The expected response is the complete listing below, restated exactly, with its pictures omitted.

* [SOURCE MATERIAL]
┄┄┄┄┄┄┄┄┄┄┄┄┄┄┄┄┄┄┄┄

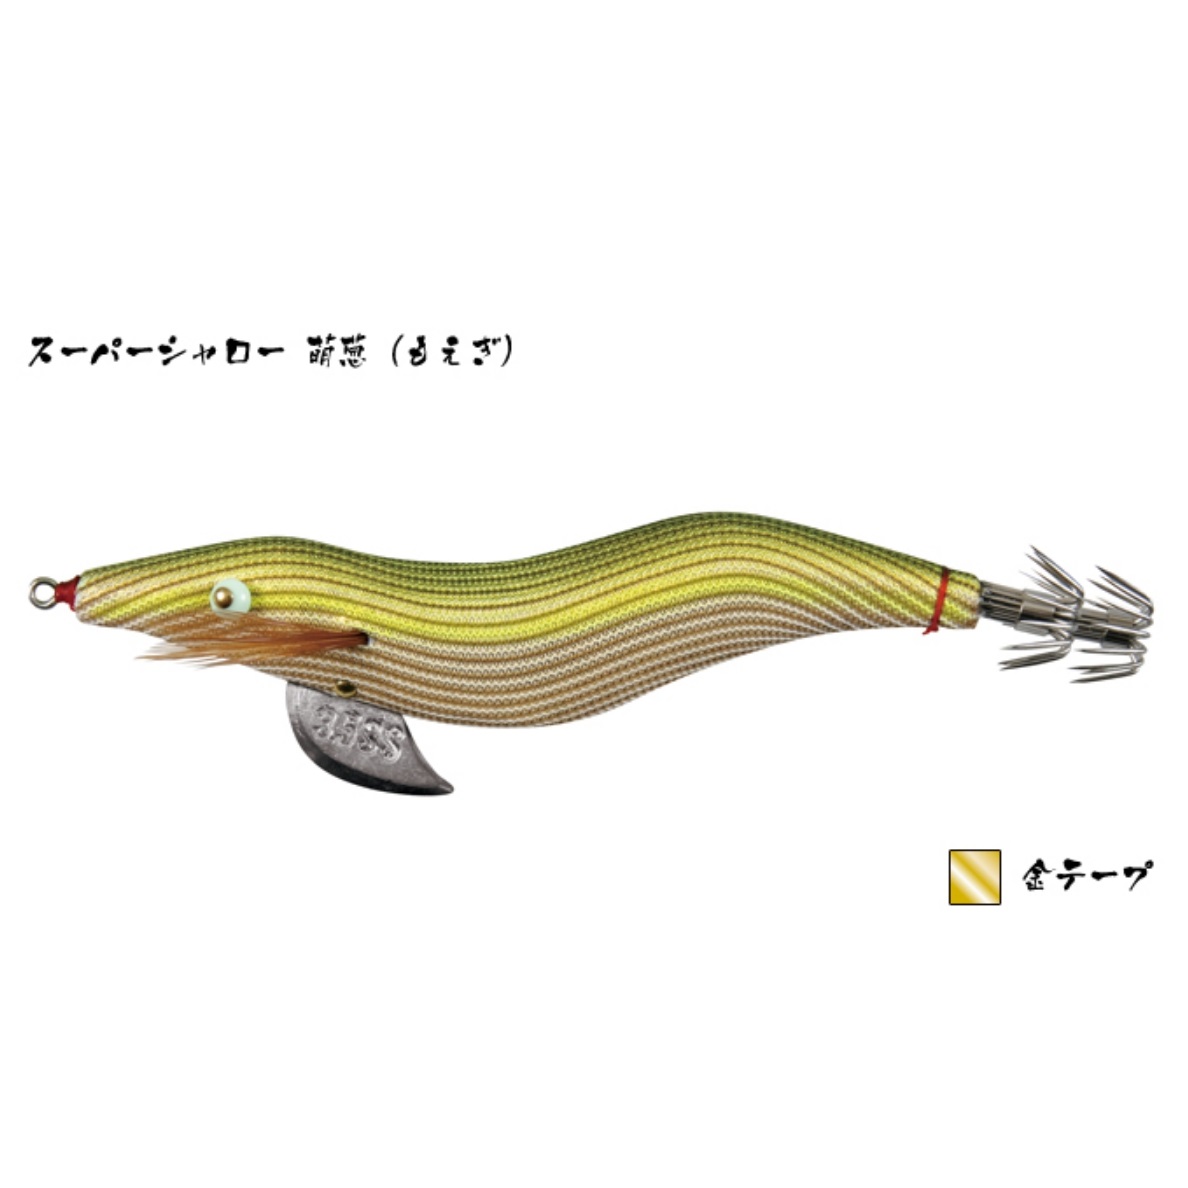 林釣漁具製作所/HAYASHI 餌木猿 SS 3.5号 スーパーシャロースロー
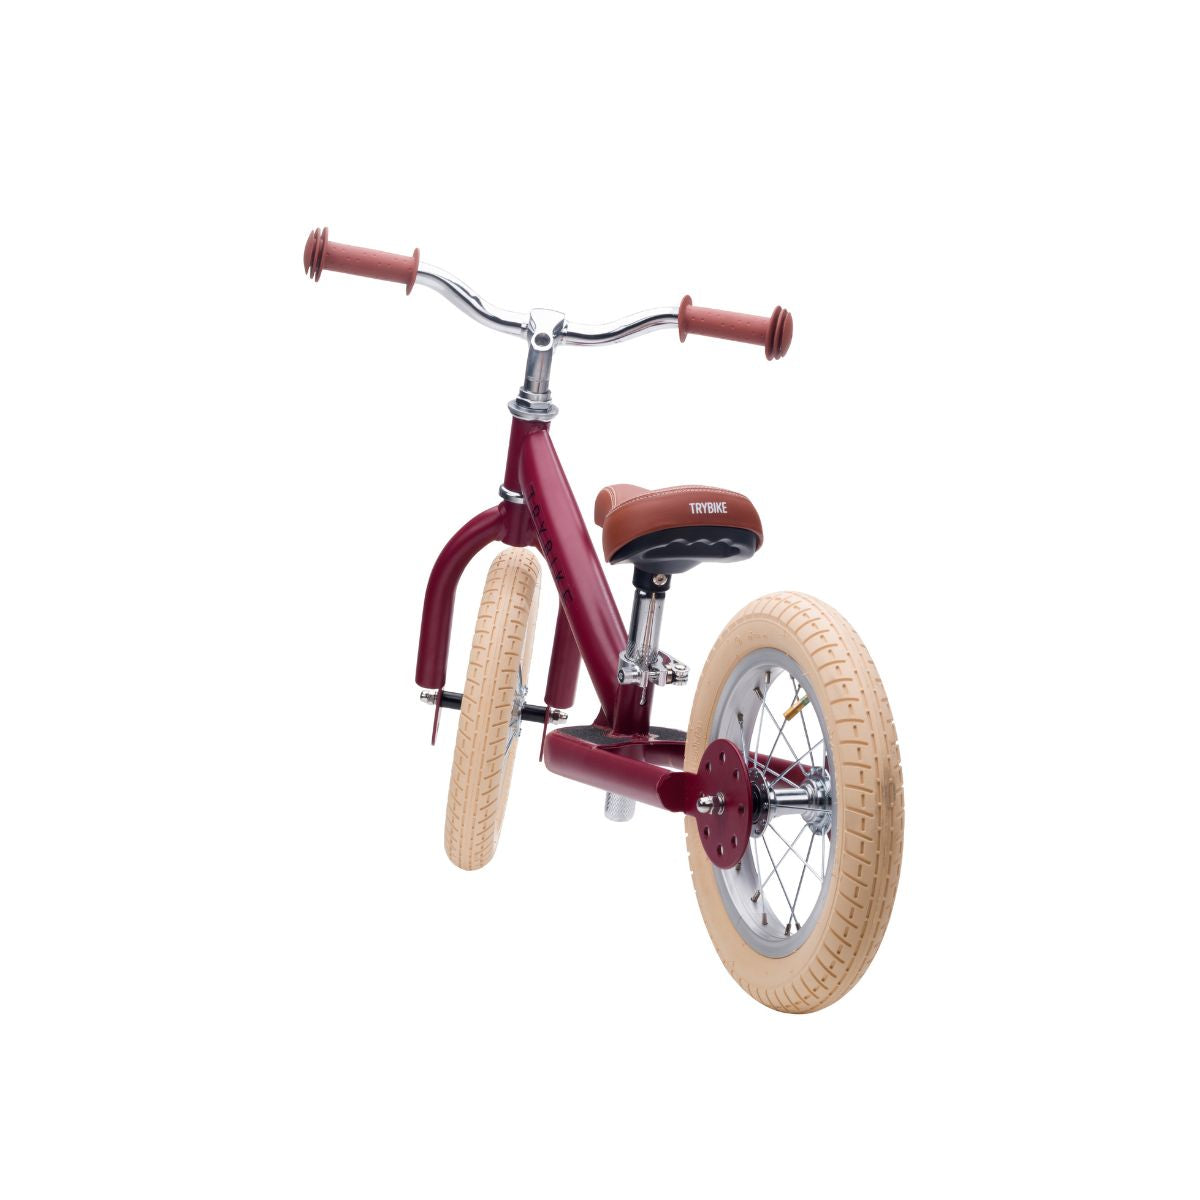 Op avontuur met de steel loopfiets in de kleur  mat rood van Trybike. De metalen tweewieler is geschikt vanaf 2 jaar en leert kinderen lopen en fietsen. Groeit mee met je kind. In diverse kleuren. VanZus
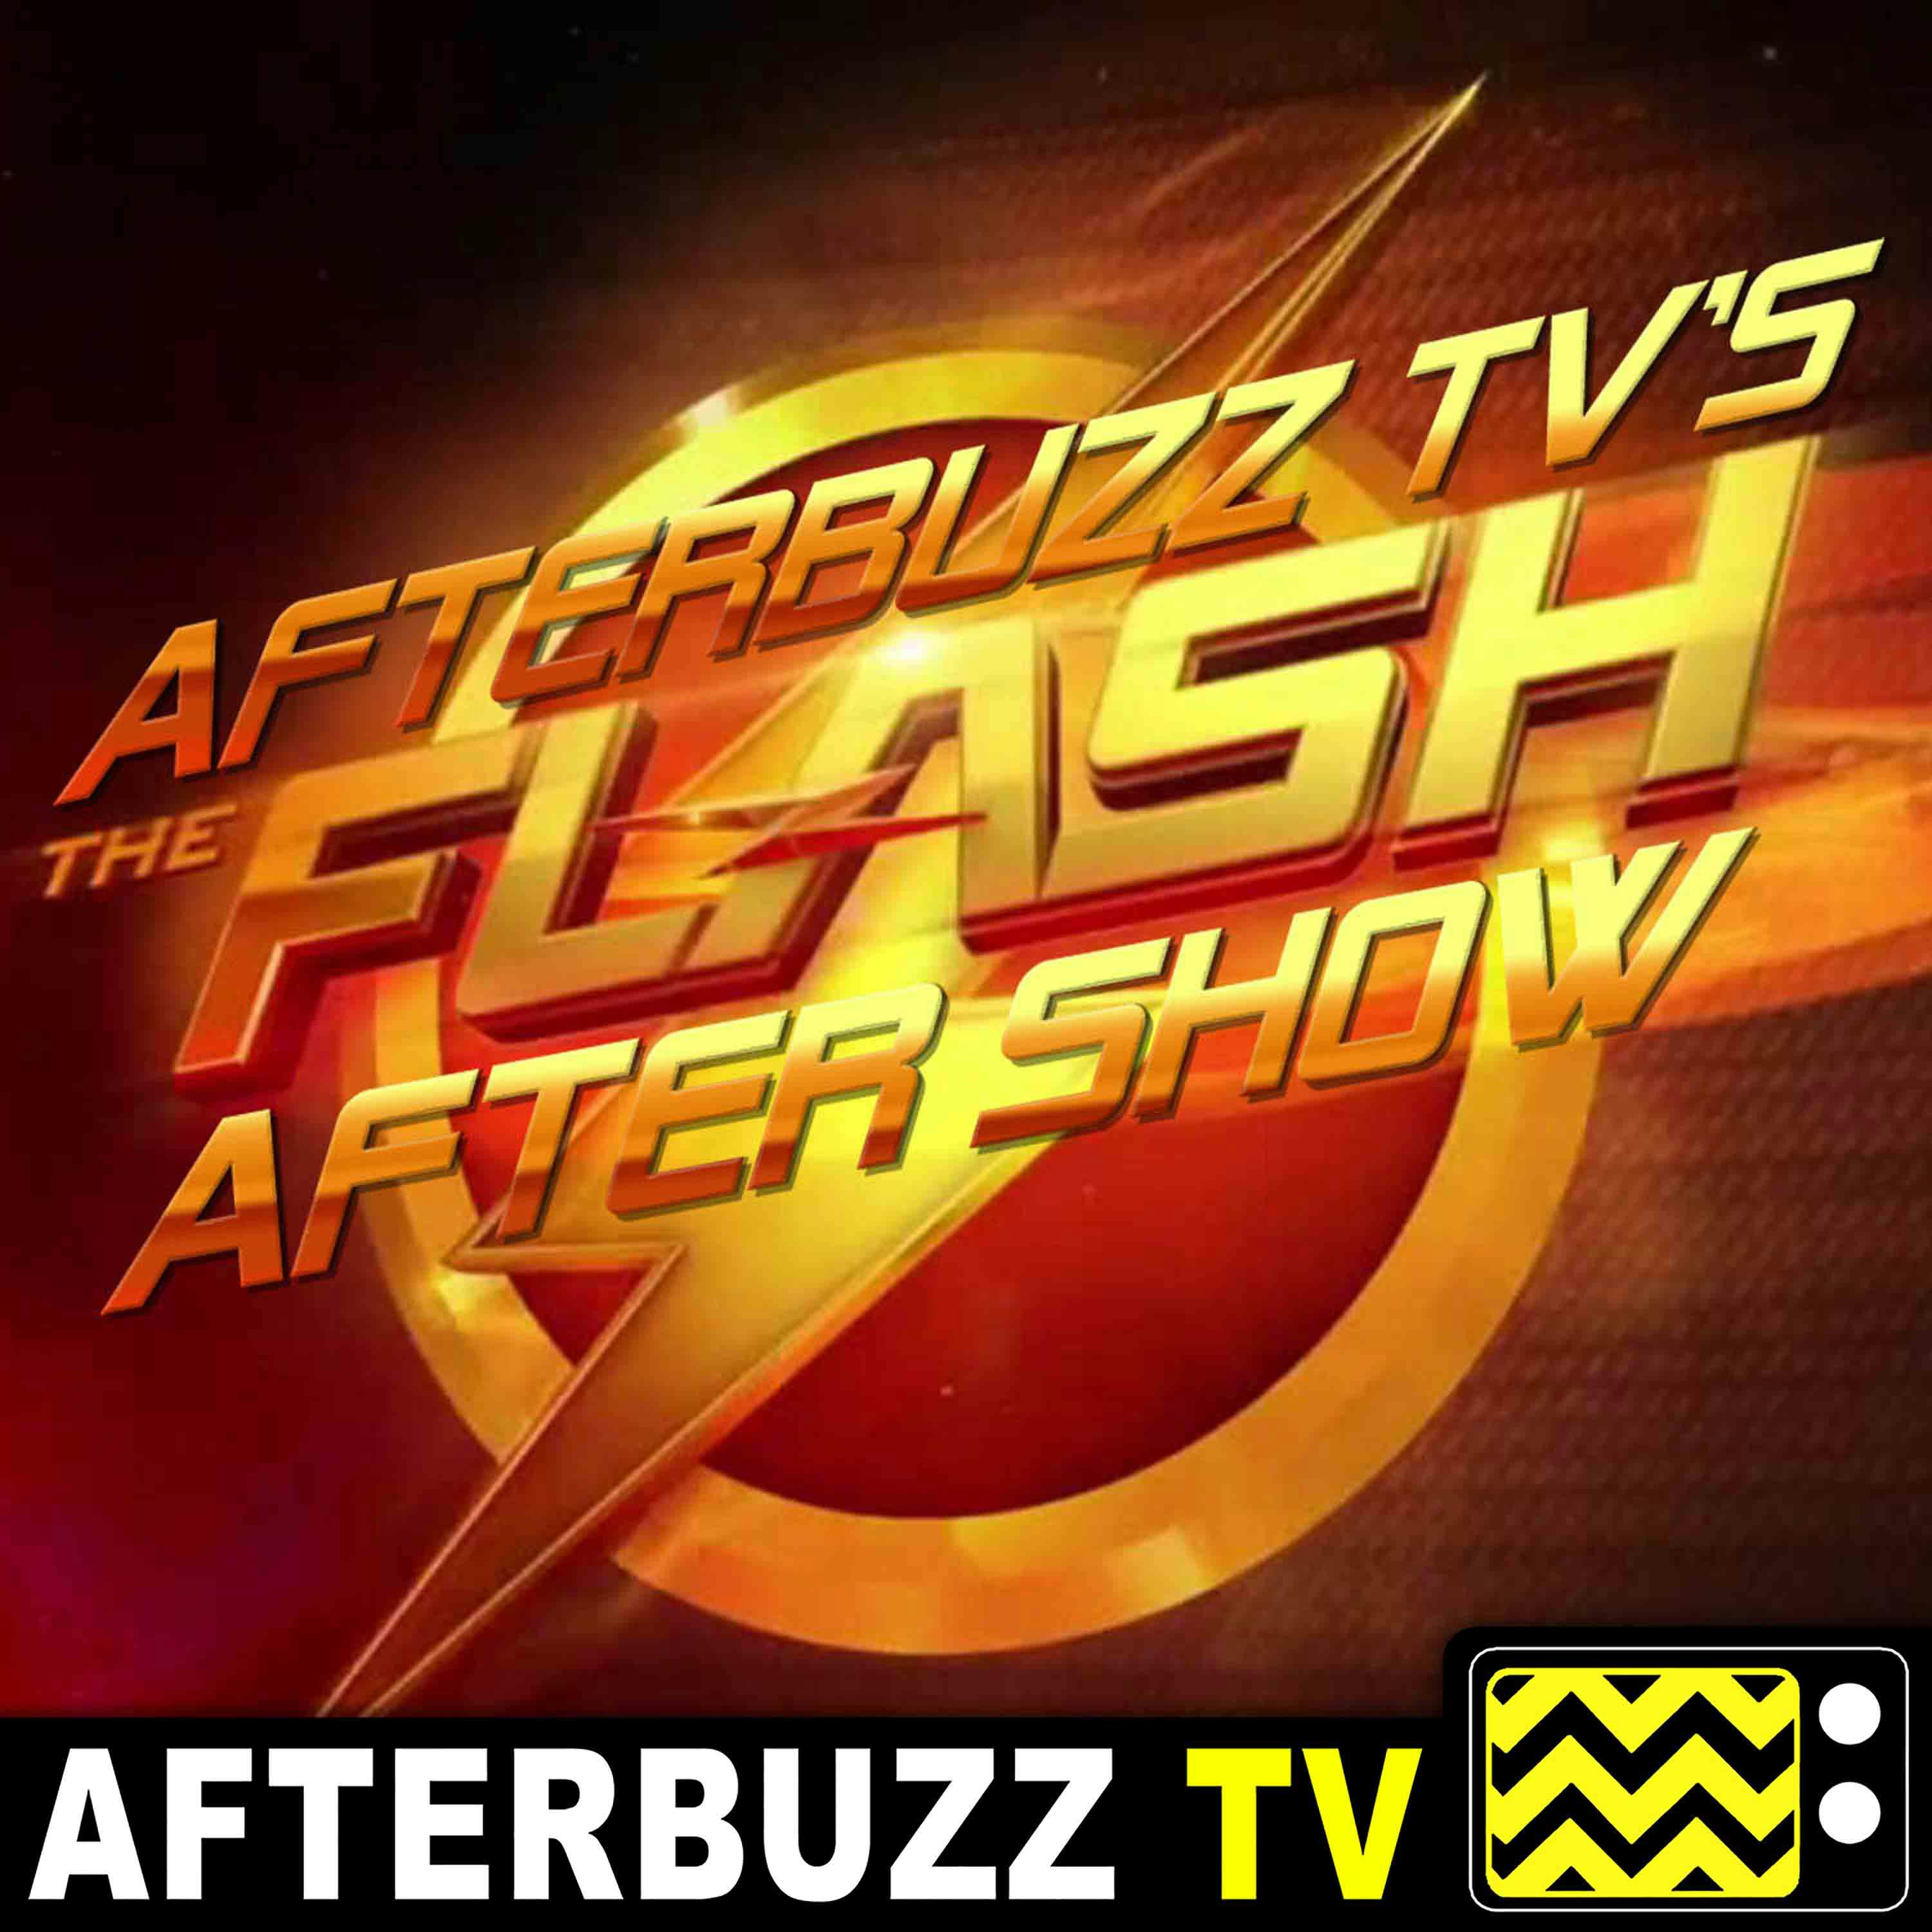 "The Last Temptation of Barry Allen Part 2" Season 6 Episode 8 'The Flash' Review
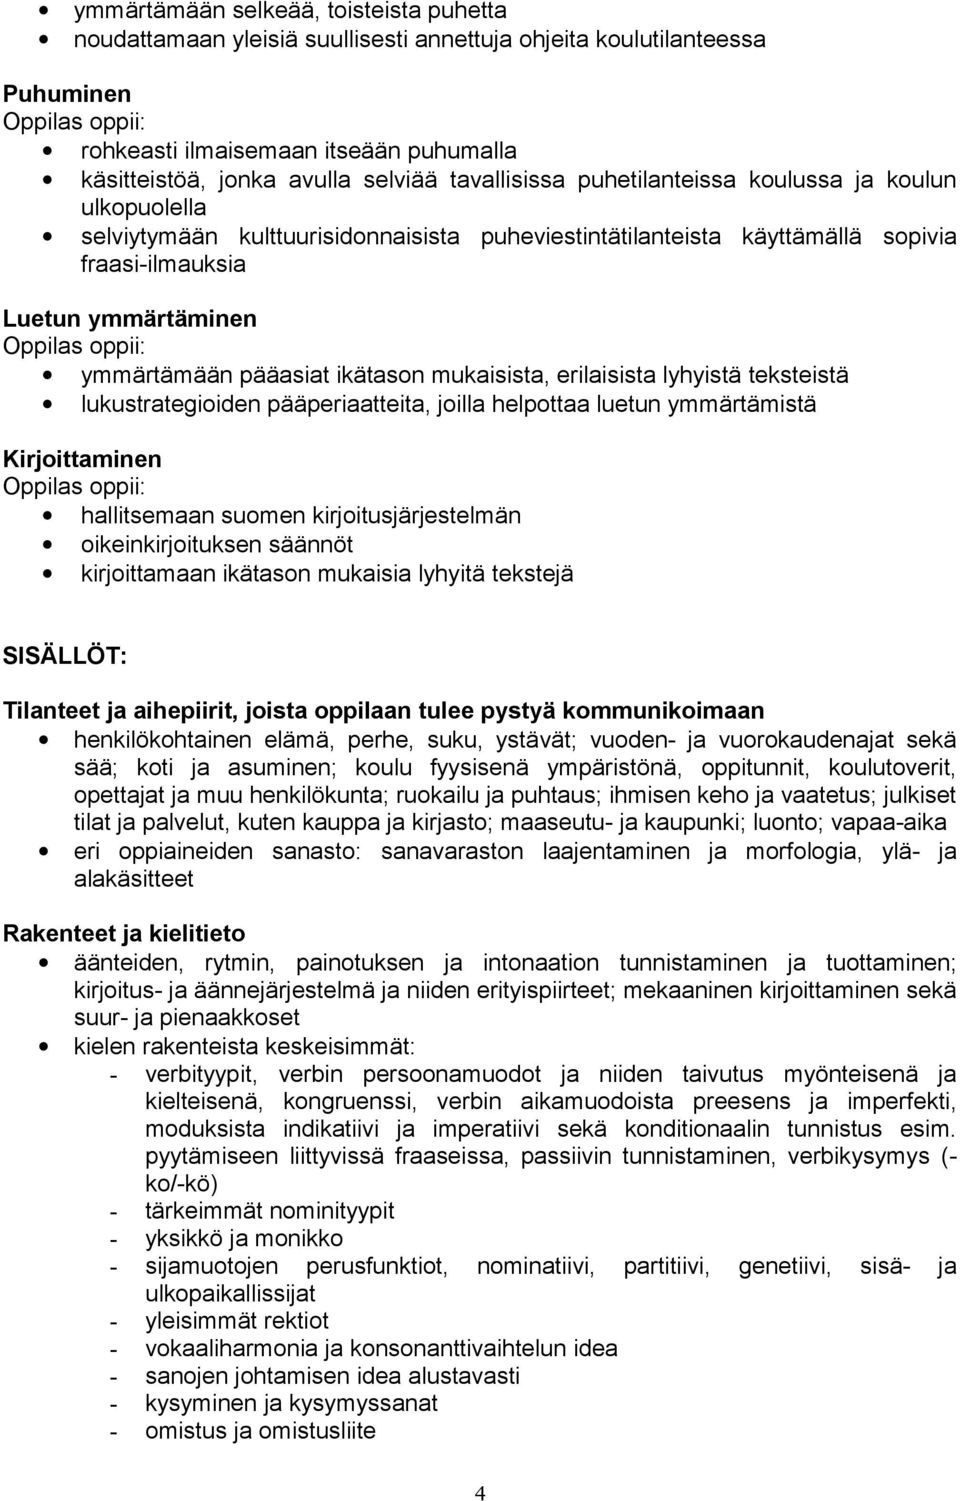 ikätason mukaisista, erilaisista lyhyistä teksteistä lukustrategioiden pääperiaatteita, joilla helpottaa luetun ymmärtämistä Kirjoittaminen hallitsemaan suomen kirjoitusjärjestelmän

┄┄┄┄┄┄┄┄┄┄┄┄┄┄┄┄┄┄┄┄

* [RESPONSE TO THIS TASK]
 林釣漁具製作所/HAYASHI 餌木猿 SS 3.5号 スーパーシャロースロー
 Op avontuur met de steel loopfiets in de kleur  mat rood van Trybike. De metalen tweewieler is geschikt vanaf 2 jaar en leert kinderen lopen en fietsen. Groeit mee met je kind. In diverse kleuren. VanZus
 "The Last Temptation of Barry Allen Part 2" Season 6 Episode 8 'The Flash' Review
 ikätason mukaisista, erilaisista lyhyistä teksteistä lukustrategioiden pääperiaatteita, joilla helpottaa luetun ymmärtämistä Kirjoittaminen hallitsemaan suomen kirjoitusjärjestelmän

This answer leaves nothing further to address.